WHAT IS EXPECTED: Reproduce the full listing below unchanged, apart from the pictures.

SOURCE DATA:
—————

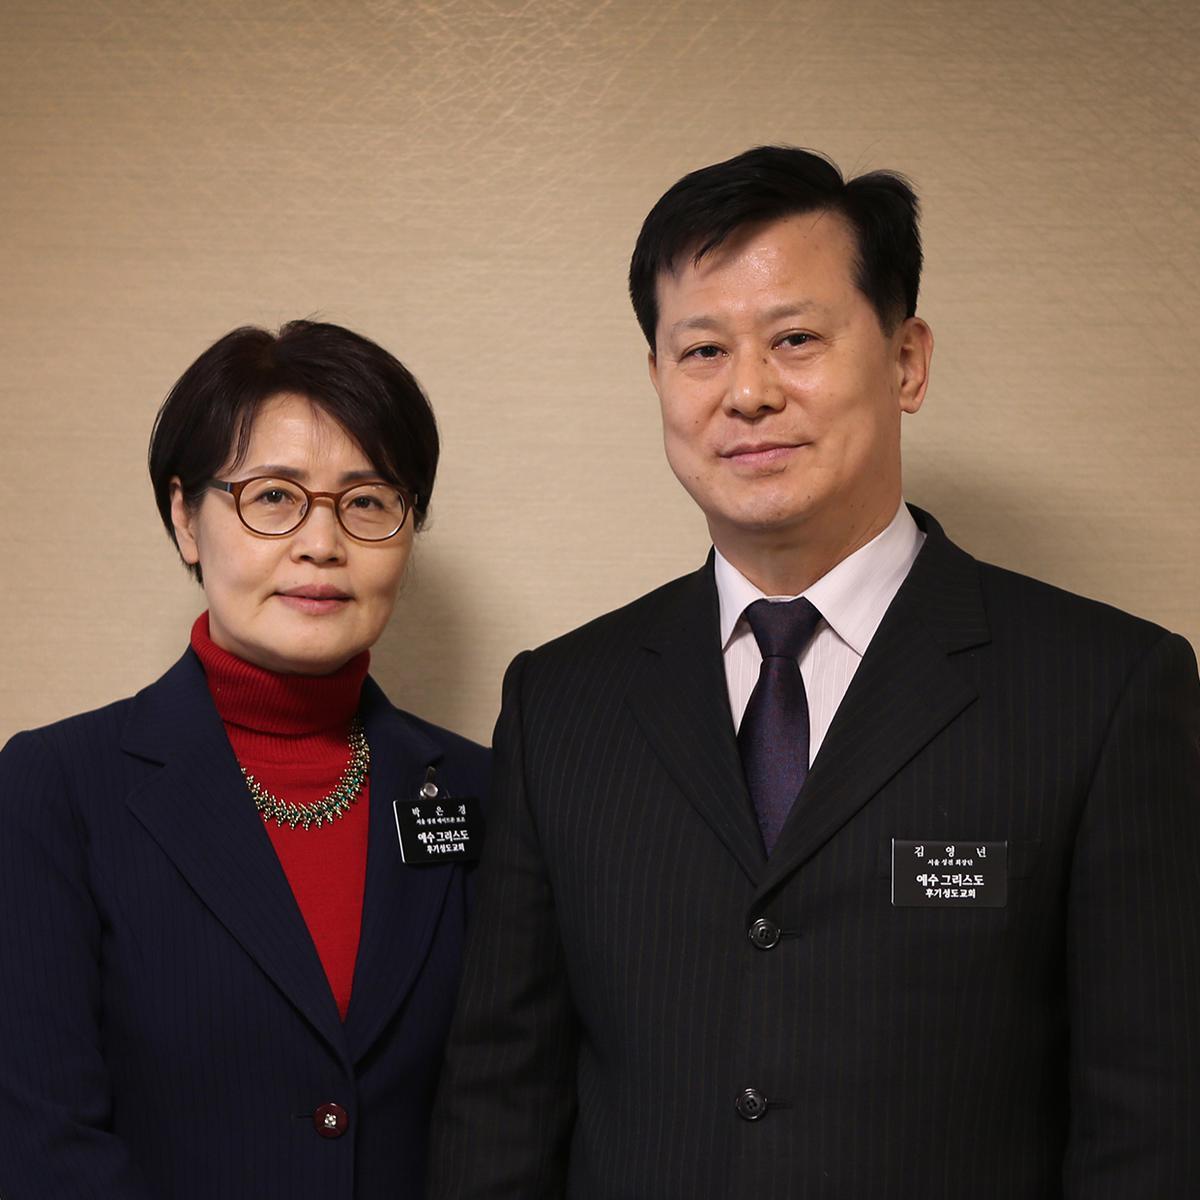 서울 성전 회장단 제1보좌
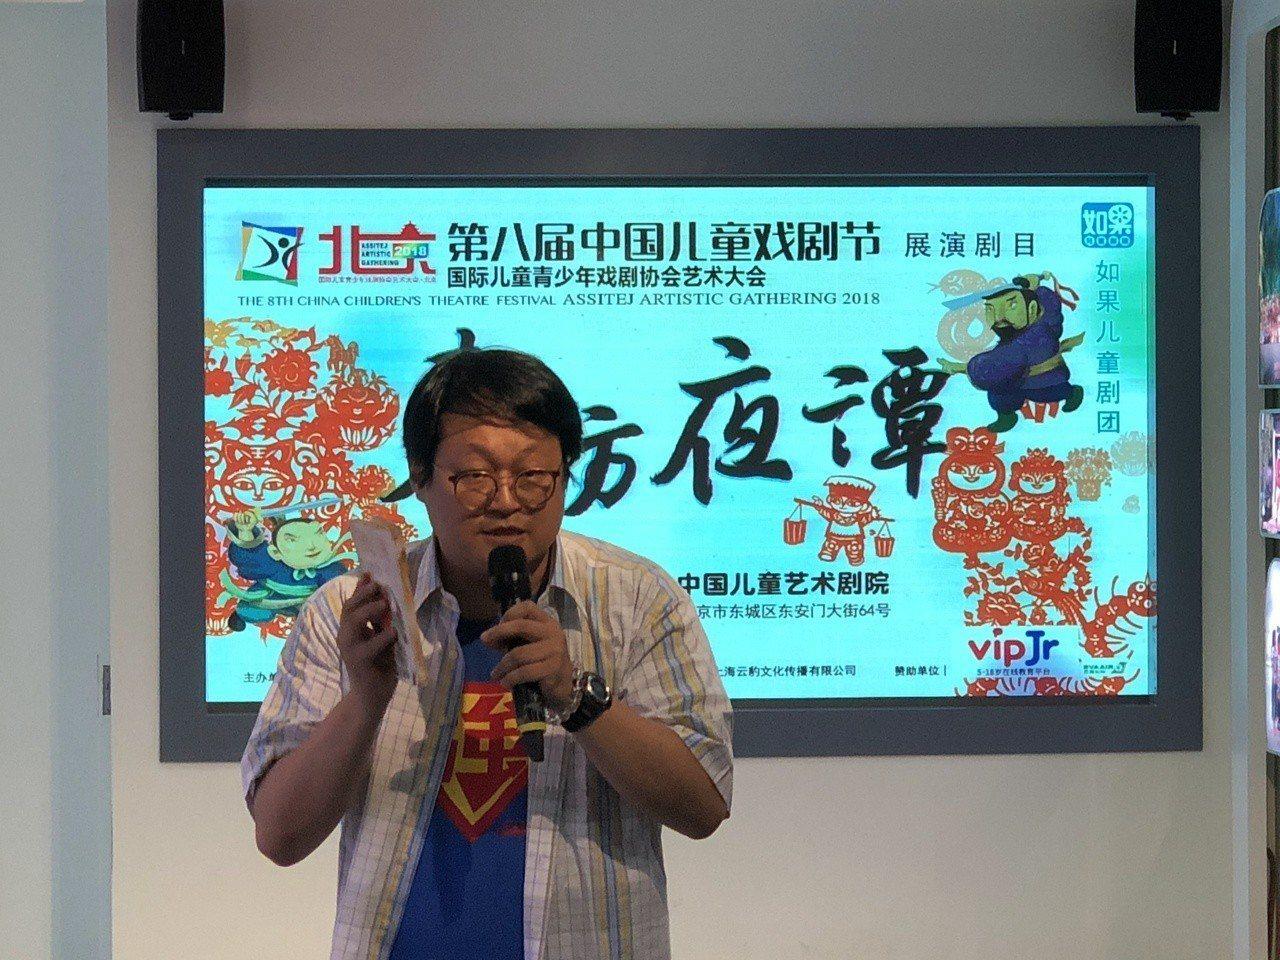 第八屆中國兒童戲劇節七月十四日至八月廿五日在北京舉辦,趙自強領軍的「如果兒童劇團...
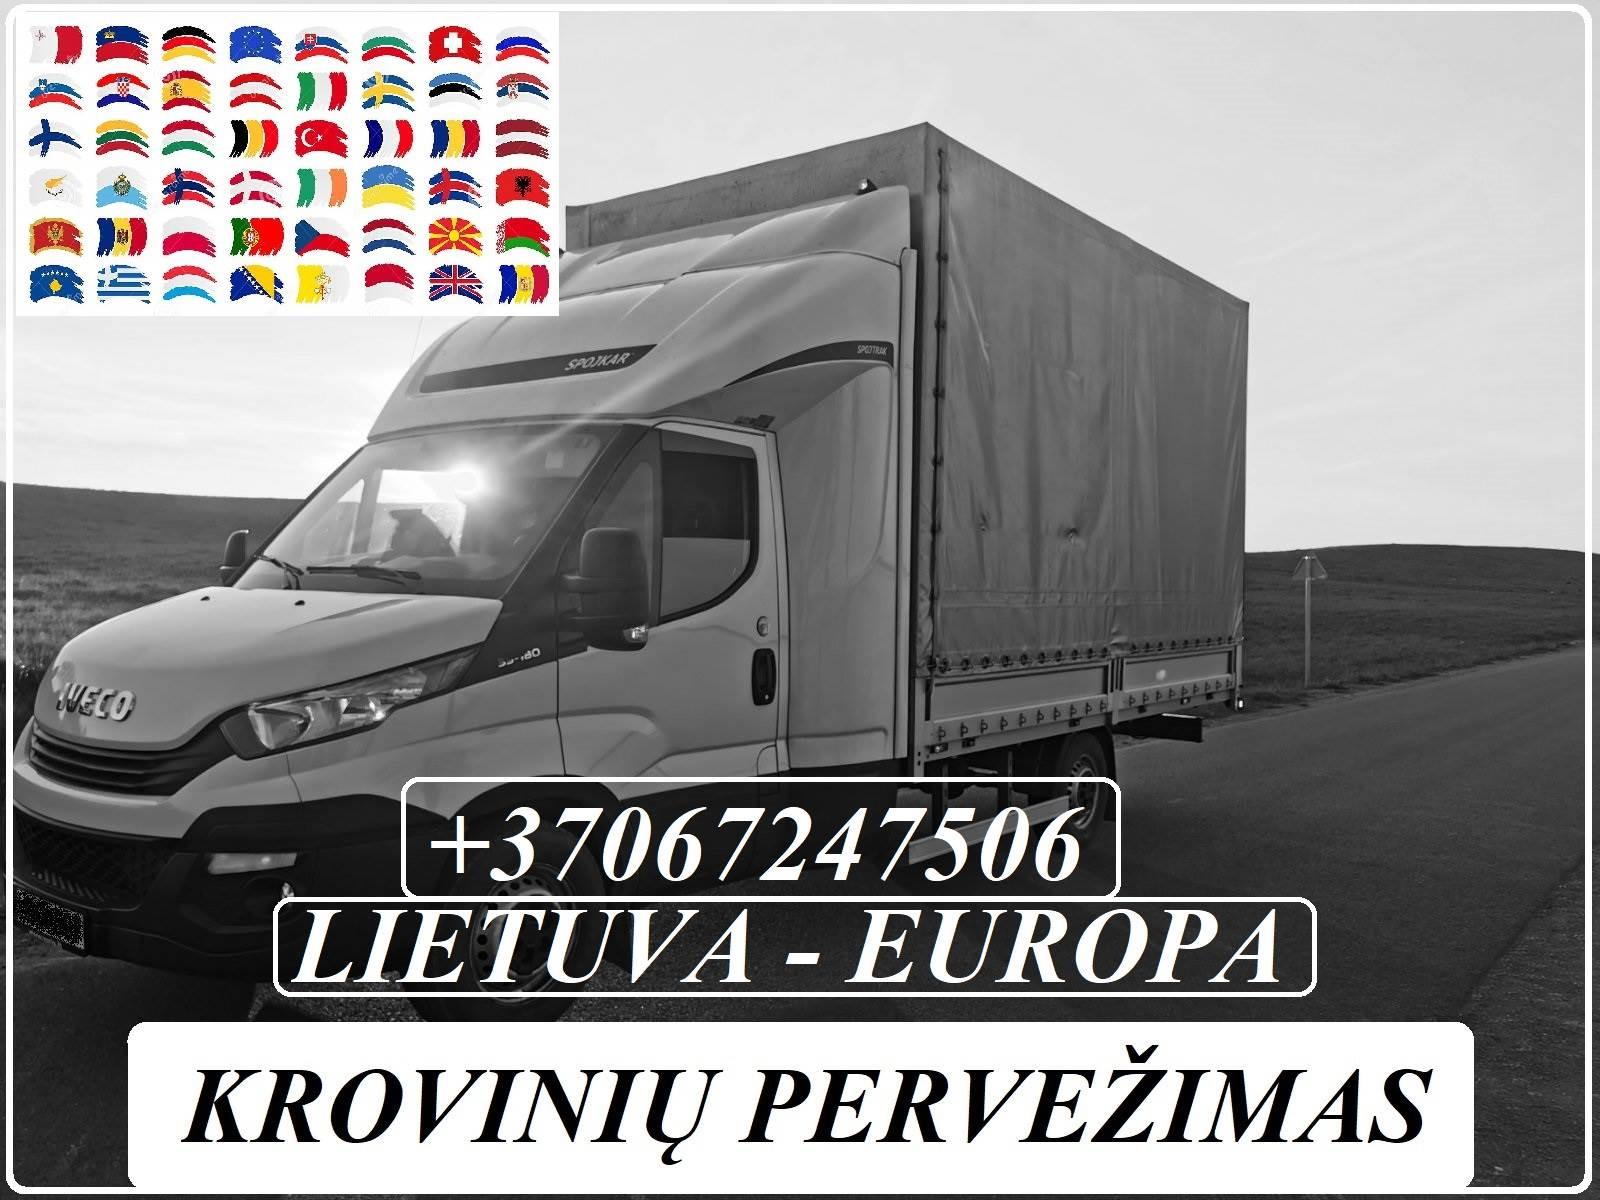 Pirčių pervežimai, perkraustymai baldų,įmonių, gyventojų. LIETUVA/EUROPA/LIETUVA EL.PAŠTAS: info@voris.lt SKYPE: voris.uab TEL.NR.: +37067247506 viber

—————

WRITTEN SOLUTION:
 서울 성전 회장단 제1보좌
 第八屆中國兒童戲劇節七月十四日至八月廿五日在北京舉辦,趙自強領軍的「如果兒童劇團...
 Pirčių pervežimai, perkraustymai baldų,įmonių, gyventojų. LIETUVA/EUROPA/LIETUVA EL.PAŠTAS: info@voris.lt SKYPE: voris.uab TEL.NR.: +37067247506 viber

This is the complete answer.